DEIR in the headlights

Pub date February 3, 2010
WriterSarah Phelan
SectionGreen City

GREEN CITY Public comments on the city’s draft environmental impact report (DEIR) for Lennar Corp.’s massive redevelopment proposal on Candlestick Point and the Hunters Points Shipyard includes complaints that the comment period was too short (see “The Candlestick Farce,” 12/23/09), concerns that the city violated state requirements to notify the Ohlone Tribe, and frustration that the city’s preferred plan represents the most significant and substantial impacts of any of the five scenarios analyzed in the DEIR.

These and many other concerns about the impacts of the 10,500-home project will need to be addressed in the final EIR, which Mayor Gavin Newsom and other project proponents expect to be completed by June.

Some object that the city is considering an early transfer of the shipyard and would undertake activities that are currently the Navy’s responsibility (see “Eliminating Dissent,” 06/17/09), saying the final EIR should prominently reference Proposition P, which voters approved in 2000, establishing community acceptance criteria for the cleanup.

Saul Bloom, executive director of Arc Ecology, submitted his organization’s comments “under protest for the inadequate extension of the public comment period, which we believe unfairly penalizes the public review of the draft EIR.”

Land use attorney Sue Hestor called the public comment submission schedule “abusive” in comments submitted for POWER (People Organized to Win Employment Rights). “The schedule is being driven by an insane desire to have the final EIR certified and all local approvals done by June,” Hestor said.

Ohlone chairperson Ann Marie Sayers and Neil MacClean of the Ohlone Profiles Project wondered why the Planning Department did not contact anyone on the city’s list of official Ohlone representatives. “We want the SF Planning Department to follow Senate Bill 18, which requires them to include Ohlone people in the planning process,” MacClean said, noting that there are at least four Ohlone villages within the proposed development area.

Jaime Michaels, coastal program analyst for the San Francisco Bay Conservation and Development Commission, expressed concerns about the DEIR’s proposal to make a 23.5 acre reduction in existing state park boundaries (see “Can I buy your park?” 08/12/09).

Project proponents, Michaels said, “would need to demonstrate that the decreased area would not compromise or reduce its value as a park/beach facility.” Michaels also worries about the impact of adding a minimum of 1.7 acres of fill in the bay to accommodate a bridge at Yosemite Slough, a plan she described as “a significant amount of coverage, particularly for a facility where the large majority of its coverage is needed to serve vehicles accessing the new stadium only 12 days a year.”

Michaels expressed concerns that the project’s plans to address sea level rise would negatively affect bay views and public access to the shoreline.

The project includes a 9.6-mile trail and a variety of other public amenities directly adjacent to the shoreline.
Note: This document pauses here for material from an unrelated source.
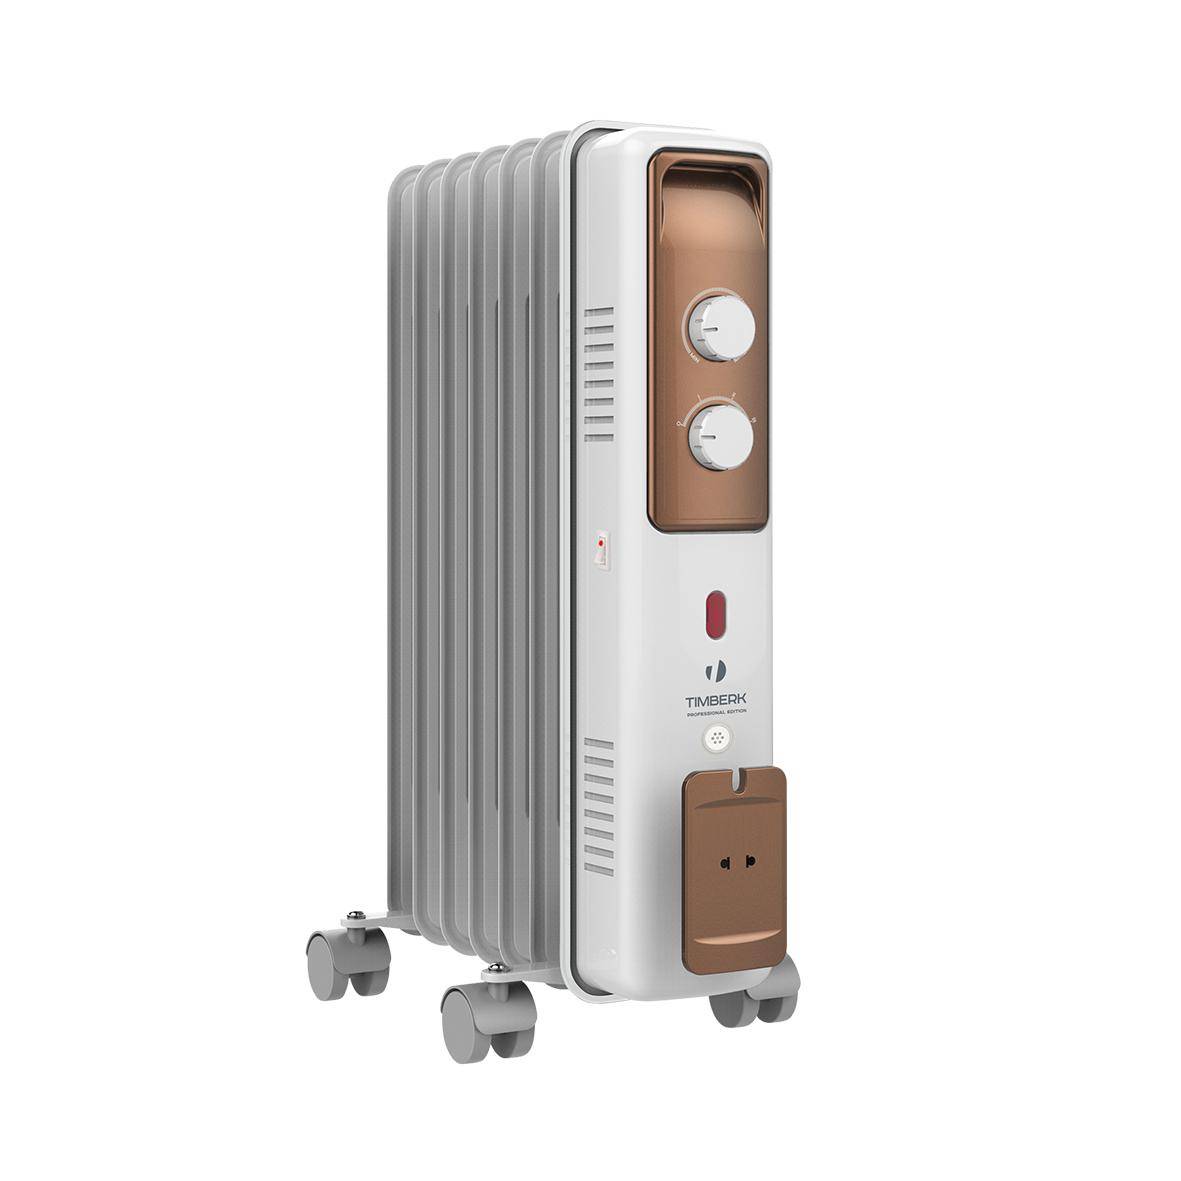 Конвектор или масляный нагреватель: Что лучше конвектор или масляный обогреватель: сравниваем параметры

Proposed building structures located away from the immediate shoreline would accommodate a 36-inch sea level rise by 2075, and the DEIR promises to employ adaptive management strategies along the perimeter beyond 2050.

“Unfortunately, partly due to illegibility and the scale of the drawings, it is difficult to assess precisely how these adaptations would appear,” Michaels observed. “However, it can be assumed that over time levees would need to be raised and likely widened at the base, thereby partly or entirely obstructing the public’s view of the bay from inland areas, encroaching on and reducing the area devoted for public use and impacting the overall public access experience.”

Arc Ecology discussed the DEIR’s failure to provide a comprehensive sustainability plan, address adjacent development projects, justify a 49ers stadium on the shipyard, or evaluate the potential for the development of port-related heavy industrial activities.

“The city is determined to get this project passed right now, and the developer is afraid that if someone else comes along as mayor and District 10 supervisor, they may not be as sympathetic,” Bloom said. “But the project — as outlined in the DEIR and the city’s way of approaching the deal — is against the interests of San Francisco.”